Our study has several limitations, and should be considered as a preliminary experience with need for possible methodological and technical refinements, beyond independent external validation. It is a retrospective study with a relatively small population. The characteristics of enrolled patients were heterogeneous, as well as disease sites, and the selection of treatment might be biased, so that the significance of features can be underestimated.

Despite this, it seems that heterogeneity is not influencing the results as no standard Cox regression models gives any statistically significant association with survival in this cohort. Furthermore, no correlation was found between our main predictor (LILRE) and tumor site. Additionally, HPV status was not determined in all patients, and it has not been considered as a predictive factor. Although especially in oropharyngeal cancer infection with HPV has a predictive value for treatment response [4, 38], no different radiomic features were identified between HPV-positive and HPV-negative patients.

In the other two analyses, statistically significant differences in some texture features between HPV+ and HPV− HNSCC were found, even if a single radiomic feature may not have enough predictive power [39, 40].

Despite the limitations of this study, our results appear to be promising. In order to confirm these findings, external validation will be performed, and for the case of oropharynx, tumor HPV infection data will be included.

5. Conclusion

We compared a clinical variables alone statistical model with another one which includes imaging biomarkers.
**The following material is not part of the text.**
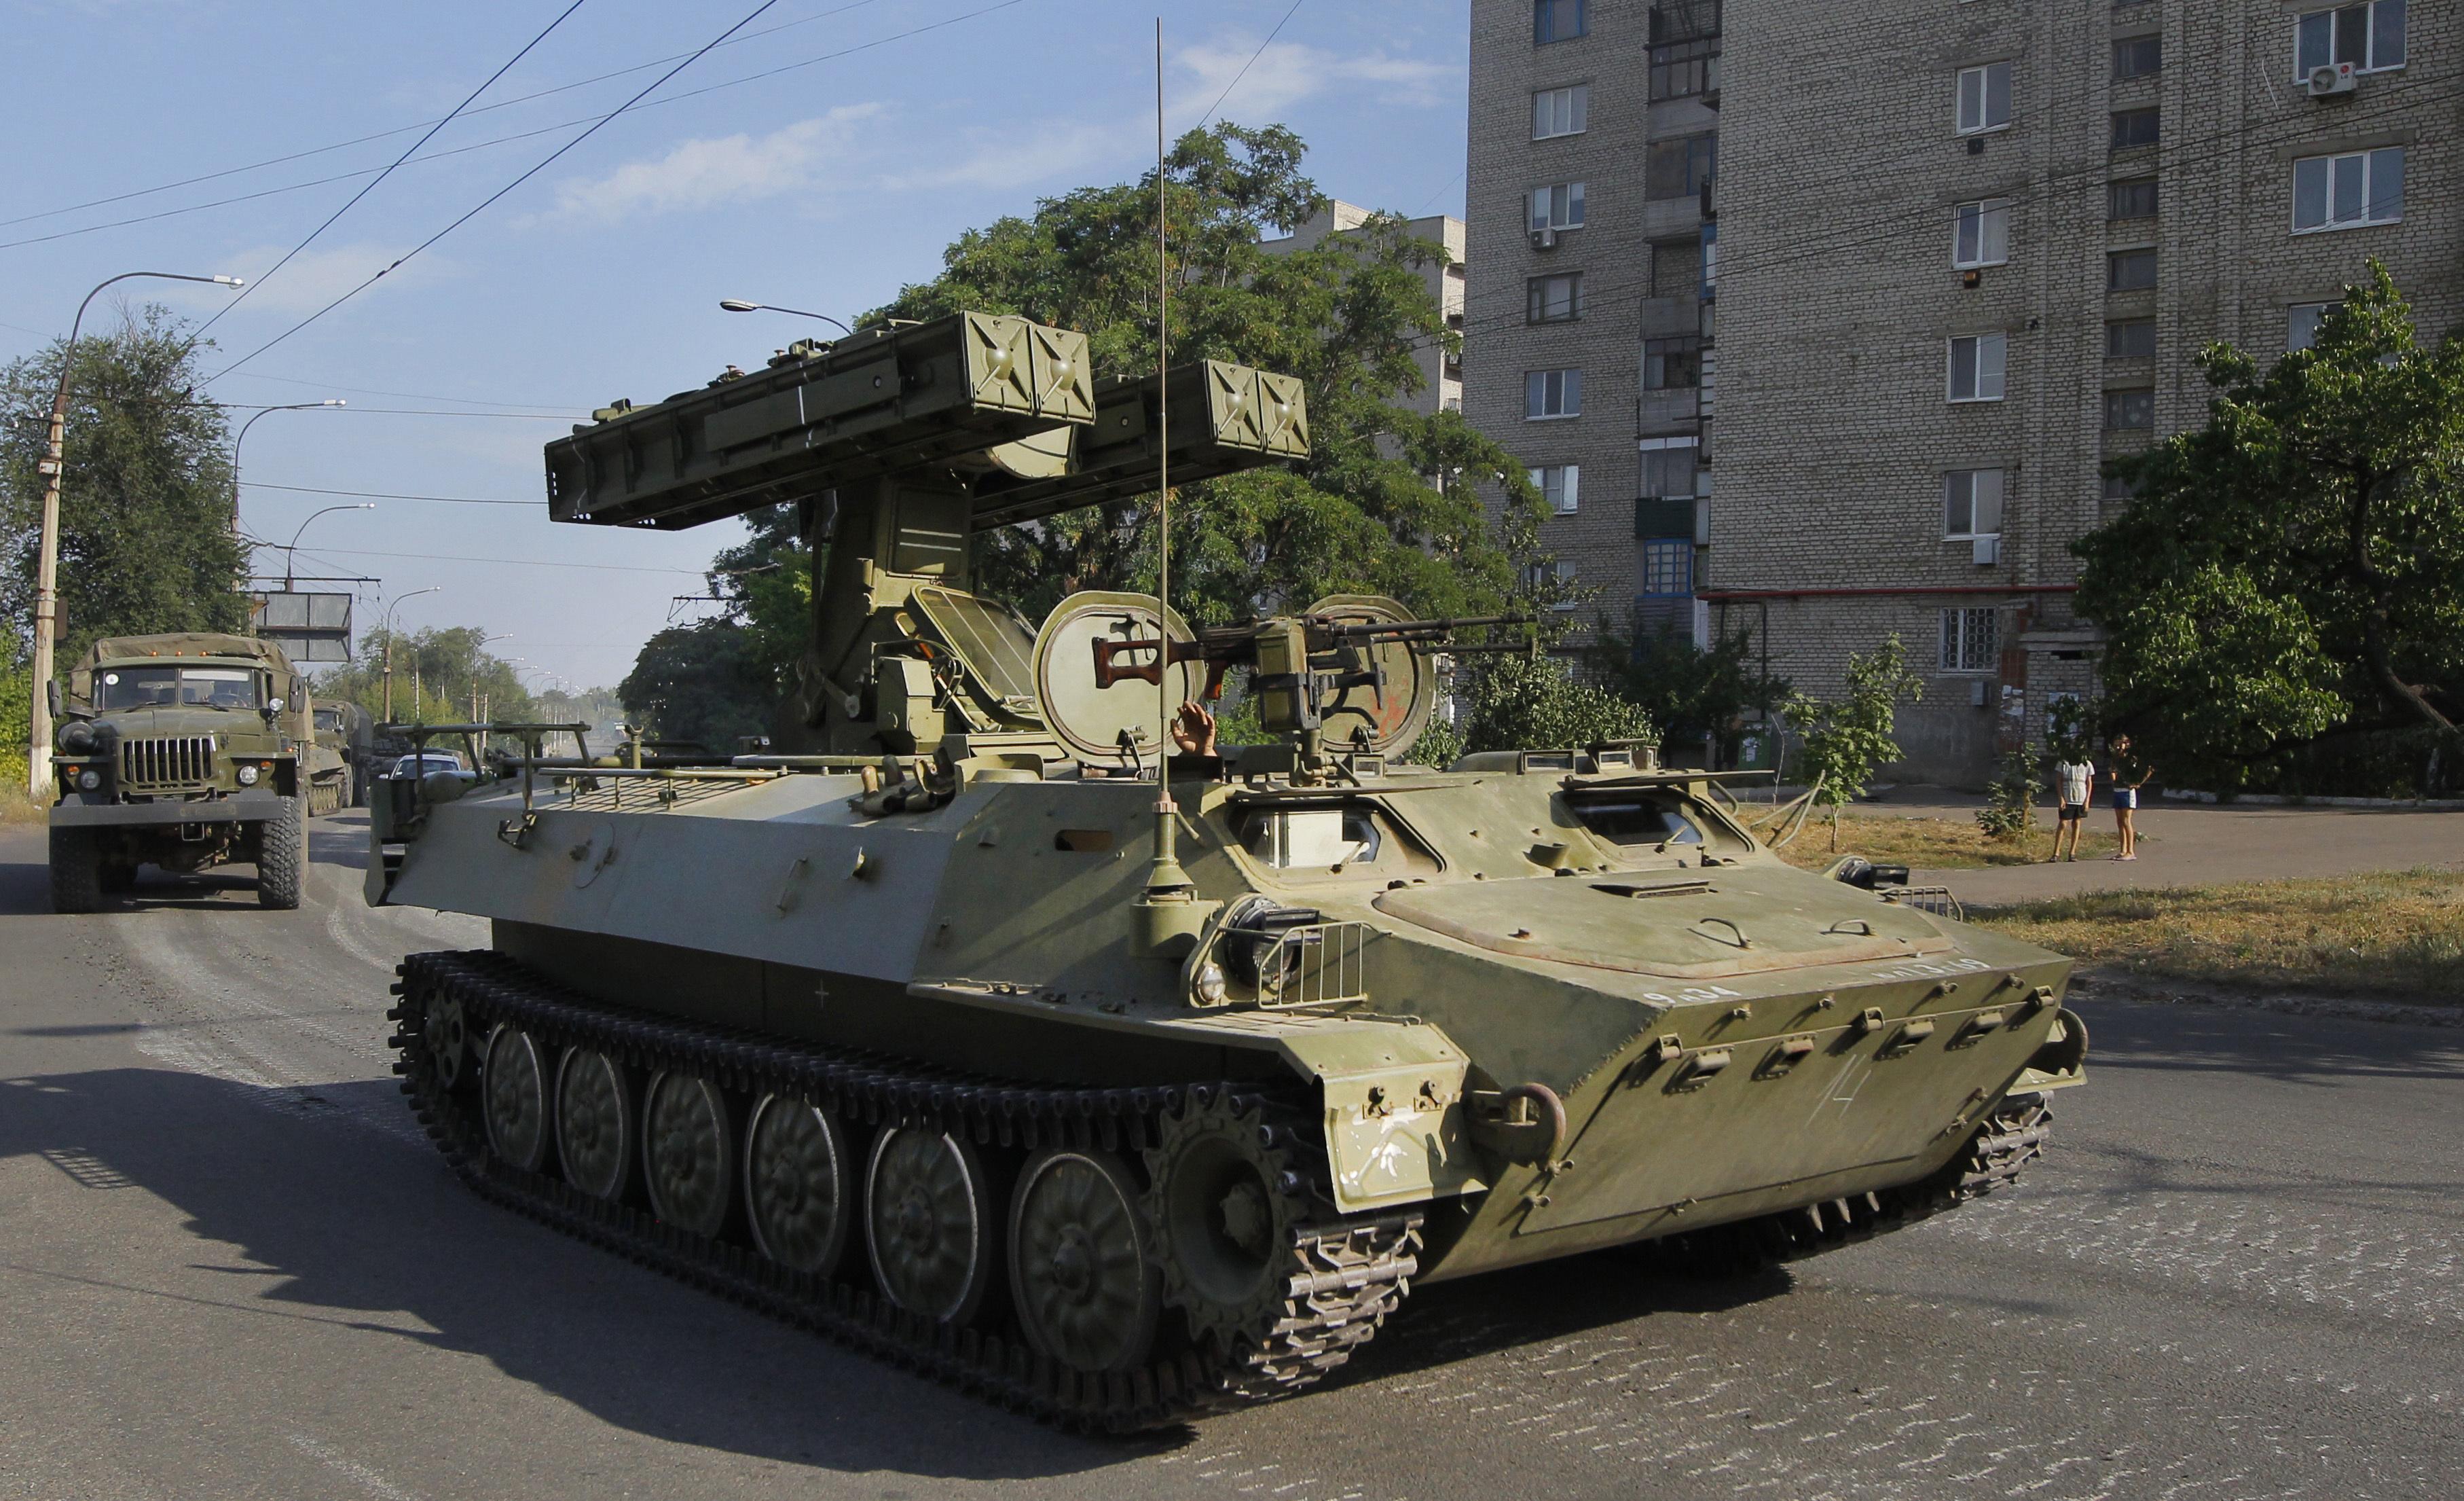 Az oroszok évekig tagadták, hogy közük lenne az ukrán háborúhoz, aztán véletlenül elfelejtettek kihúzni egy sort a fegyverszüneti megállapodásból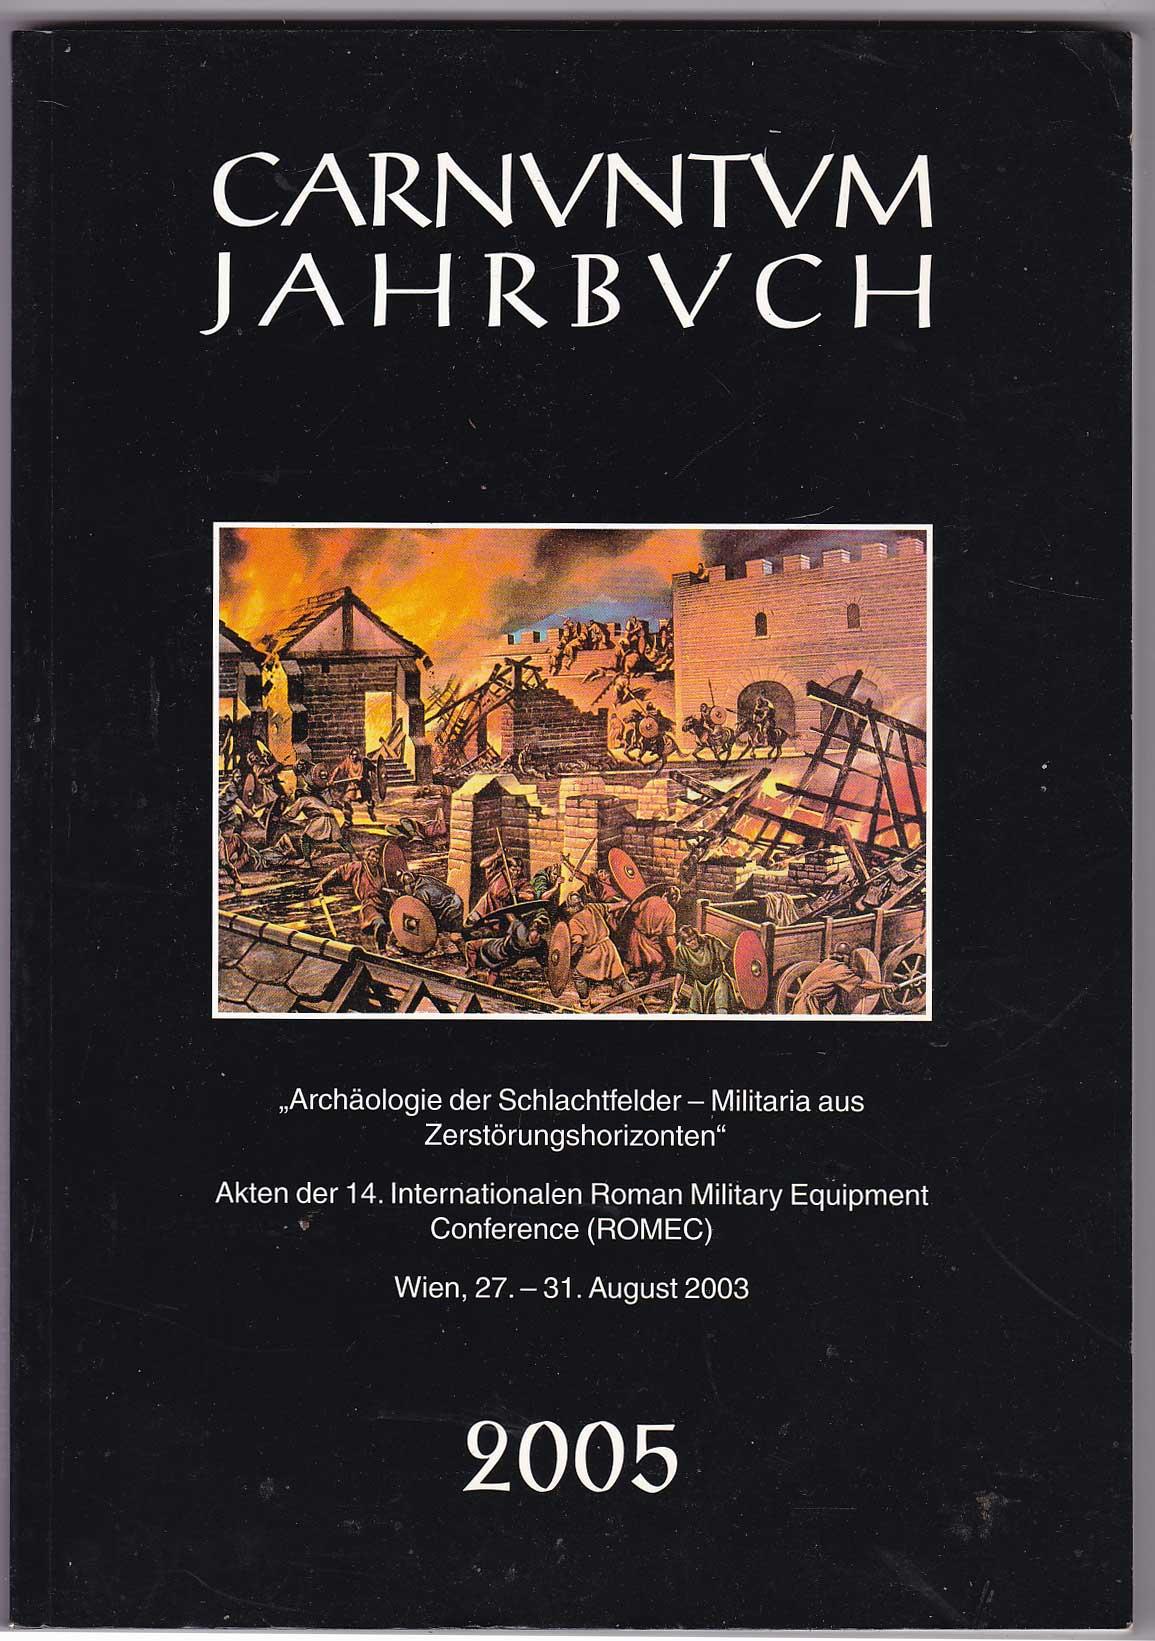 Carnuntum Jahrbuch - Zeitschrift für Archäologie und Kulturgeschichte des Donauraums 2005 - Archäologie der Schlachtfelder. Militaria aus Zerstörungshorizonten

Superiority of the imaging biomarkers model was proven in the case of PFS. Further studies will be aimed at confirming our findings with an external dataset and to demonstrate the superiority of models comprising imaging biomarkers also for overall survival.

Data Availability

The data used to support the findings of this study are available from the corresponding author upon request.

Conflicts of Interest

The authors declare that they have no conflicts of interest.